What specific network sizes trigger coordination degradation in LLM systems?
This asks for a threshold — a specific agent count where LLM coordination breaks — but the corpus's more interesting answer is that degradation is continuous and structural, not a number you cross.
This reads as a hunt for a magic number: at N agents, coordination collapses. The corpus pushes back on the premise — what it documents is degradation that scales *smoothly* with network size rather than tripping at a threshold. Why do multi-agent systems fail to coordinate at scale? is the closest thing to a direct answer: in the AgentsNet benchmark, coordination degrades *predictably* as the network grows, because agents either agree too late or adopt a strategy without telling their neighbors. The failure is graded, not sudden — bigger network, more timing slack, more uncritical information accepted and propagated.
The one place the corpus names group size as the active variable is consensus. Can LLM agent groups reliably reach consensus together? finds that agreement degrades with group size even with zero malicious agents present — and crucially, it fails through *liveness loss* (timeouts, stalled convergence) rather than corrupted values. So the thing that grows with N isn't wrongness, it's the inability to ever finish. That matches the timing-failure story from the AgentsNet work: more agents means more chances for the round to stall before everyone has converged.

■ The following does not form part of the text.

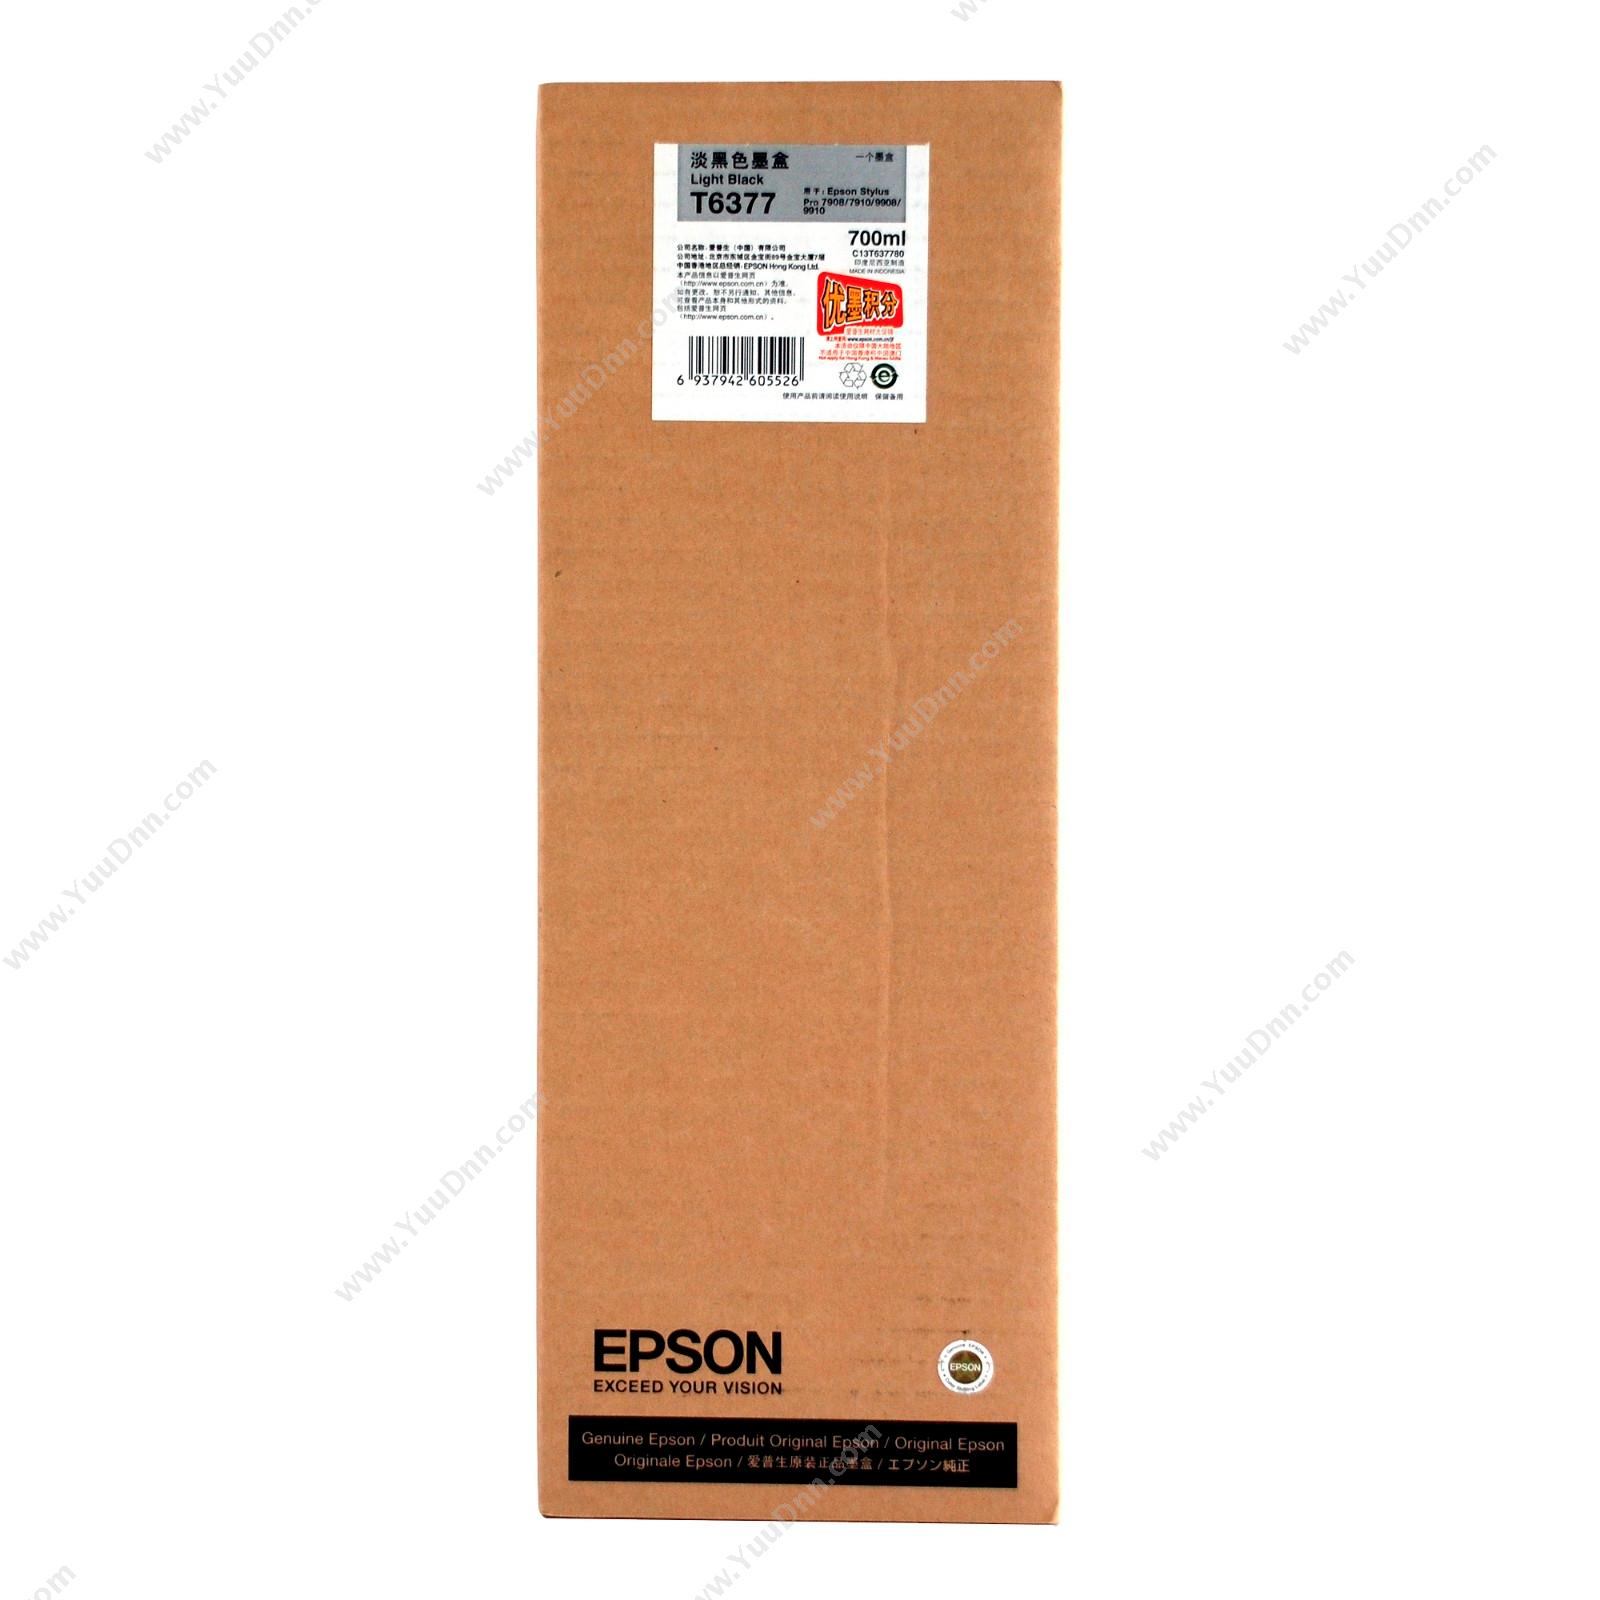 爱普生 EpsonPro9910浅黑墨700ml（C13T637780）墨盒

If you want a number, the corpus offers a ceiling rather than a cliff. Why do multi-agent systems fail despite individual capability? reports real-world autonomous task completion plateauing near 30% *regardless of agent count* — adding agents doesn't push past it. That reframes your question: the interesting quantity isn't the network size that breaks coordination, it's that coordination quality stops improving with scale and the structural failure modes (silent agreement, degeneration of thought, social accommodation) kick in at group scale no matter how many you add.
Why no clean threshold? Because the failures are mechanism-driven, not headcount-driven. Why do autonomous LLM agents fail in predictable ways? traces role-flipping, flake replies, infinite loops, and conversation drift to LLMs lacking persistent goals and stable roles — those show up in small teams too. Why do multi-agent LLM systems fail more than expected? catalogs 14 modes across specification, inter-agent misalignment, and verification, none of which is gated on a particular N. And Do frontier LLMs silently corrupt documents in long workflows? shows the same compounding-error dynamic along the *time* axis — 25% corruption over 50 relay round-trips, never plateauing — suggesting the real driver is chain length and uncritical acceptance, which network size merely amplifies.
The thing you might not have known you wanted: the lever isn't keeping the network small, it's changing its shape. When do multi-agent systems actually outperform single agents? names three structural defects — node-level bottlenecks, edge-level overwhelm, path-level error propagation — that determine when a single strong agent beats a crowd. So the honest answer to 'what size triggers degradation' is: it's the topology and the verification discipline, not the count. That's why work like What decisions must multi-agent routing systems optimize simultaneously? treats agent count as just one of four things to optimize jointly with topology and role allocation — scale is a knob, not a tripwire.
Sources 8 notes
AgentsNet benchmark shows agents fail to coordinate strategies either by agreeing too late or adopting strategies without informing neighbors. Agents accept neighbor information without verification, enabling error propagation while remaining capable of detecting direct conflicts.
Across hundreds of simulations, LLM-agent groups frequently fail to reach valid agreement due to timeouts and stalled convergence rather than subtle value corruption. Agreement degrades with group size even without Byzantine agents present.
Multi-agent systems exhibit specific failure modes—silent agreement, degeneration of thought, and social accommodation—that mirror individual reasoning failures at group scale. Real-world autonomous task completion plateaus near 30% regardless of agent count; capability gains require deliberation diversity, expertise prerequisites, and formal coordination architectures.
Research identifies role flipping, flake replies, infinite loops, and conversation deviation as LLM-specific failures in multi-agent cooperation. These occur because LLMs lack persistent goal representation and stable role identity.
Analysis of 5 frameworks across 150+ tasks identified 14 failure modes organized into 3 categories: specification issues, inter-agent misalignment, and task verification. This extends prior single-framework work and provides systematic evidence for targeted improvements.
Testing 19 models across 52 domains shows even advanced systems degrade documents by ~25% over extended relay tasks, with errors compounding silently without plateauing through 50 round-trips.
Empirical analysis shows MAS performance gaps narrow with stronger models, with SAS outperforming in many cases. Three formal defect types—node-level bottlenecks, edge-level overwhelm, and path-level error propagation—explain when single agents win.
MasRouter shows that routing in multi-agent systems must jointly optimize collaboration topology, agent count, role allocation, and per-agent LLM assignment through a cascaded controller. This unified approach surpasses single-model routing by 3.51% accuracy while cutting HumanEval costs by 49%.